Retirement plan administrators who comply with the safe harbor will satisfy their statutory duty under ERISA to furnish covered documents to covered individuals.


  • The safe harbor is limited to retirement plan disclosures.
  • A plan administrator may use this safe harbor only for “covered individuals.” To be a covered person, the individual must be entitled under ERISA to receive covered documents and must have a valid electronic address (e.g., email address or smart phone number).
  • The safe harbor adopted today does not supersede the 2002 safe harbor; the 2002 safe harbor remains in place as another option for plan administrators.

Protections for Plan Participants

The new safe harbor includes a variety of protections for covered individuals, including:

  • Right to Paper. Covered individuals can request paper copies of specific documents, or globally opt out of electronic delivery entirely, at any time, free of charge.
  • Initial Notification. Covered individuals must be furnished an initial notification, on paper, that the way they currently receive retirement plan disclosures (e.g., paper delivery in the US mail) is changing. The notice must inform them of the new electronic delivery method, the electronic address that will be used, and the right to opt out if they prefer paper disclosures, among other things. The notice must be given to them before the plan may use the new safe harbor.
  • Notifications of Internet Availability. Covered individuals generally must be furnished a notice of internet availability (NOIA) each time a new covered document is made available for review on the internet website.
    • To avoid “notice overload,” the final rule permits an annual NOIA to include information about multiple covered documents, instead of multiple NOIAs throughout the year.
    • The NOIA must briefly describe or identify the covered document that is being posted online, include an address or hyperlink to the website, and inform the covered individual of the right to request paper copies or to opt out of electronic delivery altogether.
    • The NOIA must be concise, understandable, and contain only specified information.
  • Website Retention. Covered documents must remain on an internet website until superseded by a subsequent version, but in no event for less than one year.
  • System Check for Invalid Electronic Addresses. Plan administrators must ensure that the electronic delivery system is designed to alert them if a participant’s electronic address is invalid or inoperable. In that case, the administrator must attempt to promptly cure the problem, or treat the participant as opting out of electronic delivery.
  • System Check at Termination of Employment. When someone leaves their job, the plan administrator must take steps to ensure the continued accuracy and operability of the person’s employer-provided electronic address.
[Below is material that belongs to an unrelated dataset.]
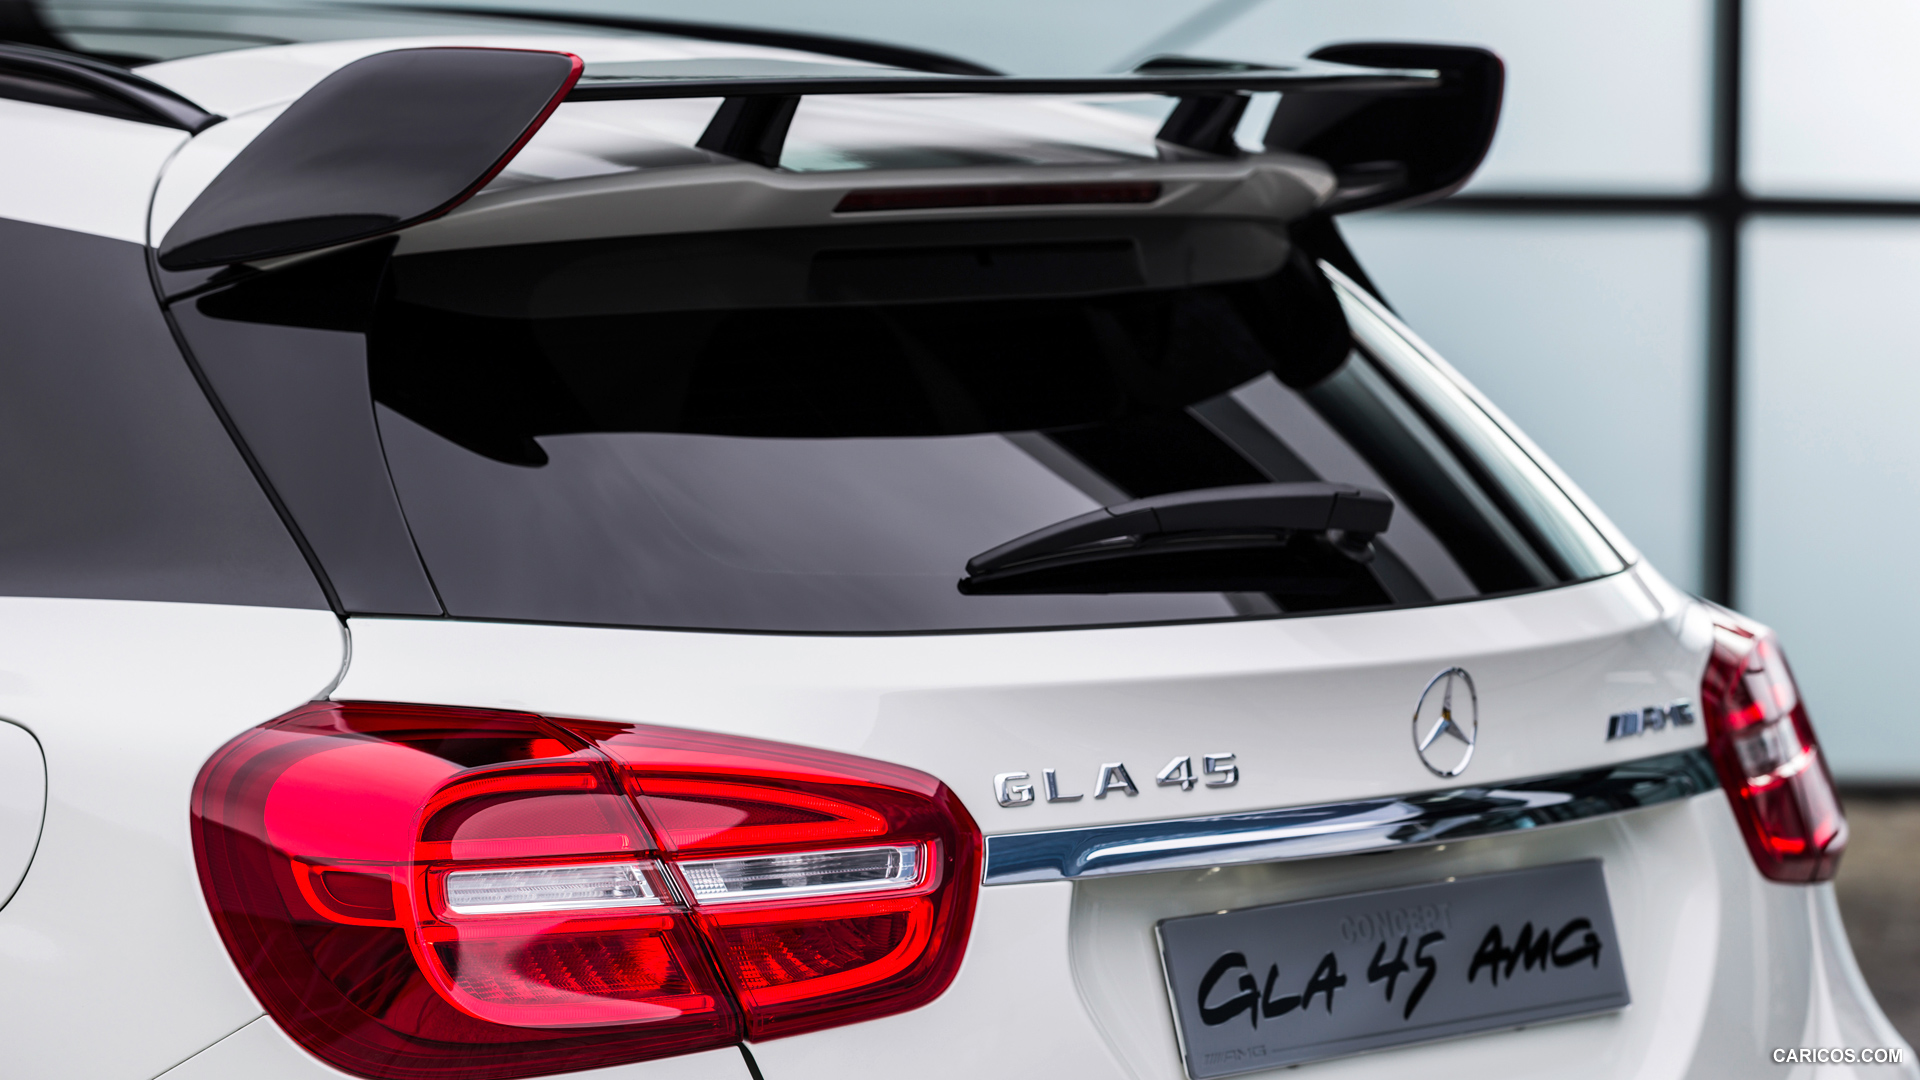 Mercedes-Benz GLA 45 AMG Concept (2013)  - Spoiler, #6 of 15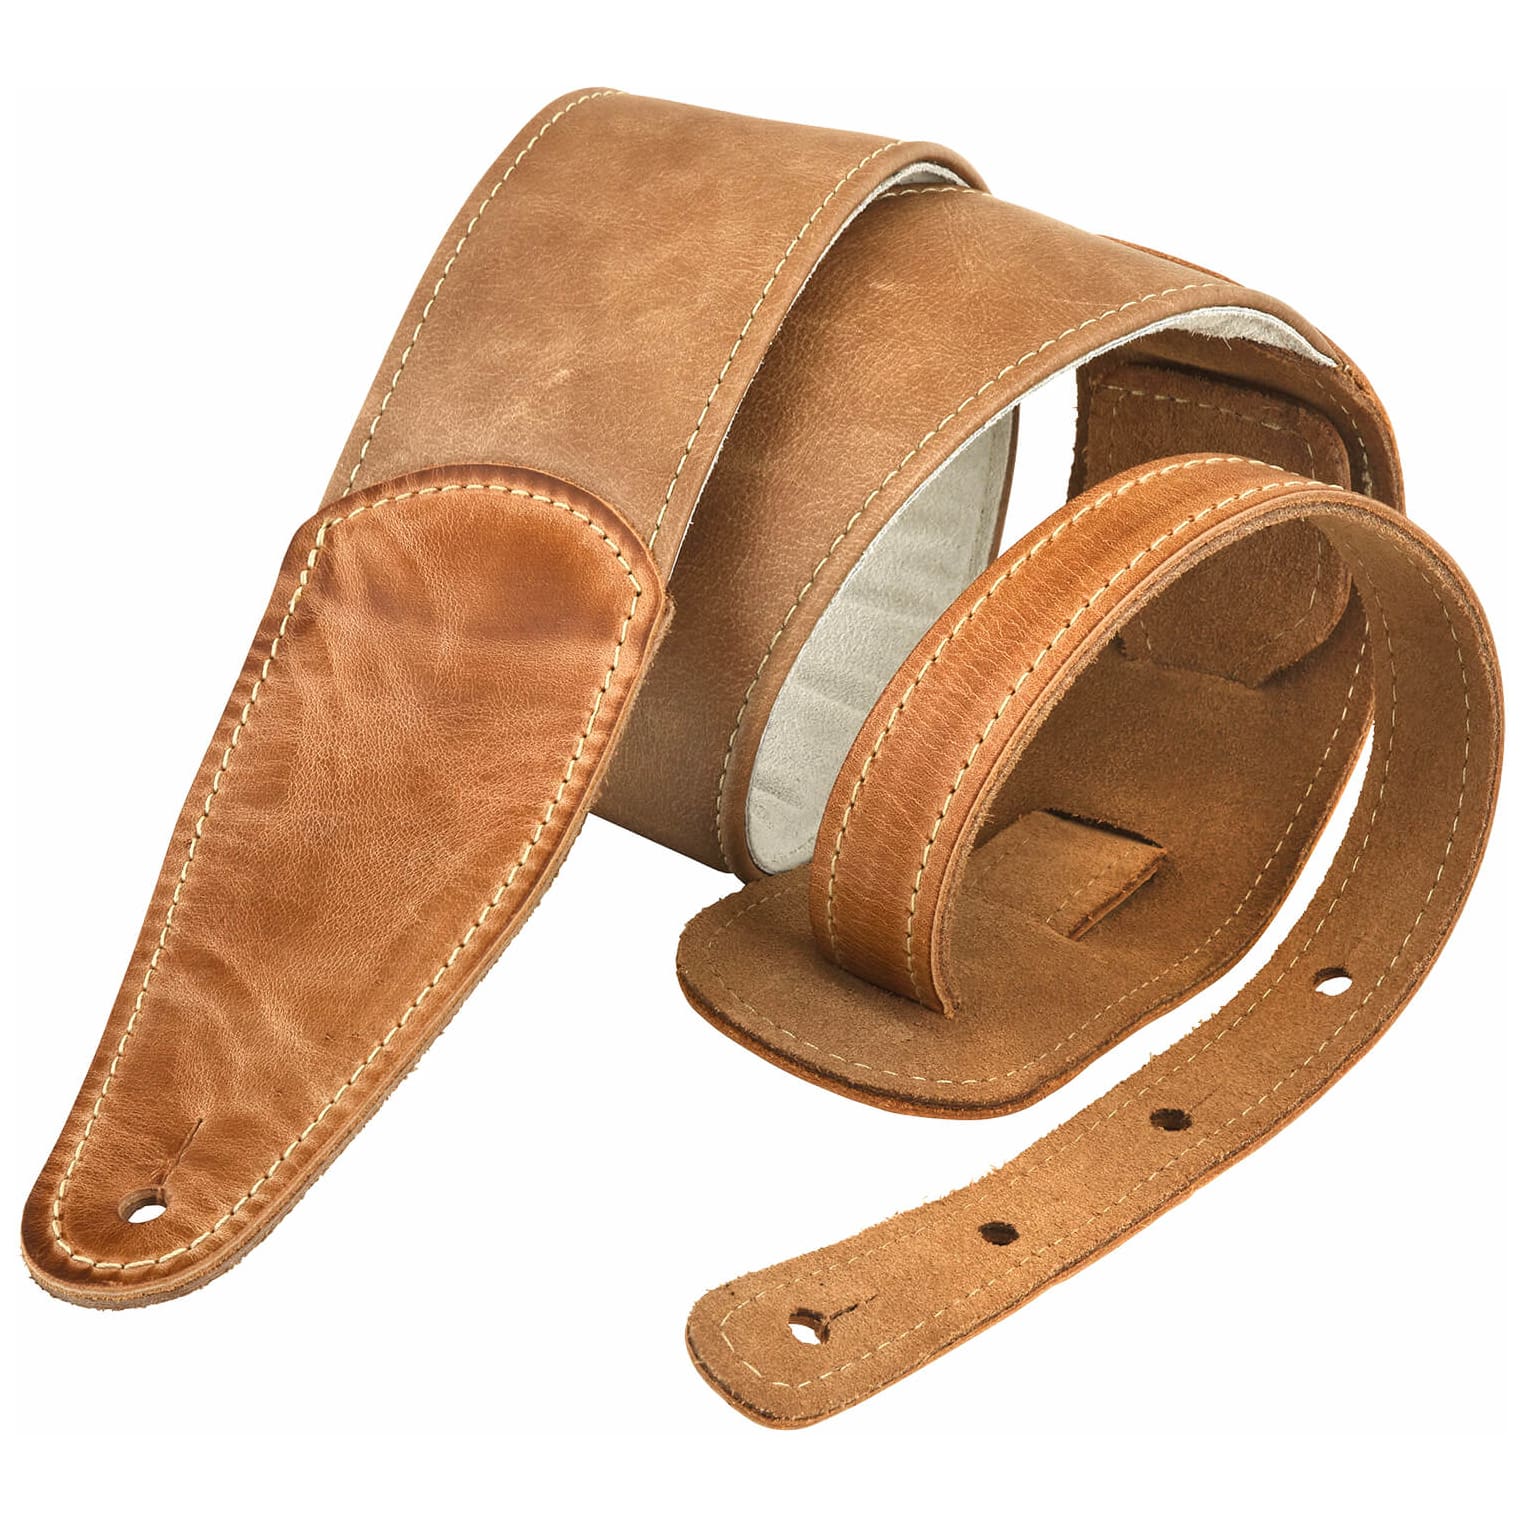 Session leather belt padded light brown

Effective Date & Immediate Availability

The new safe harbor is effective 60 days after its publication in the Federal Register. However, the Department, as an enforcement policy, will not take any enforcement action against a plan administrator that relies on this safe harbor before that date. The Department’s decision to provide this non-enforcement policy supports the Federal government’s broader effort to respond to COVID-19. The Department understands the far-reaching effects of COVID-19, and the non-enforcement policy provides flexibility and may reduce administrative burden on employers and pension plan service providers during this unprecedented time.


  1. Pew Research Center, “10% of Americans don’t use the internet. Who are they?” (Apr. 22, 2019).
  2. Peter Swire and DeBrae Kennedy-May, “Delivering ERISA Disclosure for Defined Contribution Plans: Why the Time has Come to Prefer Electronic Delivery – 2018 Update,” (April 2018).
  3. “Types of Internet Subscriptions by Selected Characteristics,” U.S. Census Bureau American Community Survey 1-Year Estimates (Table S2802) (2017).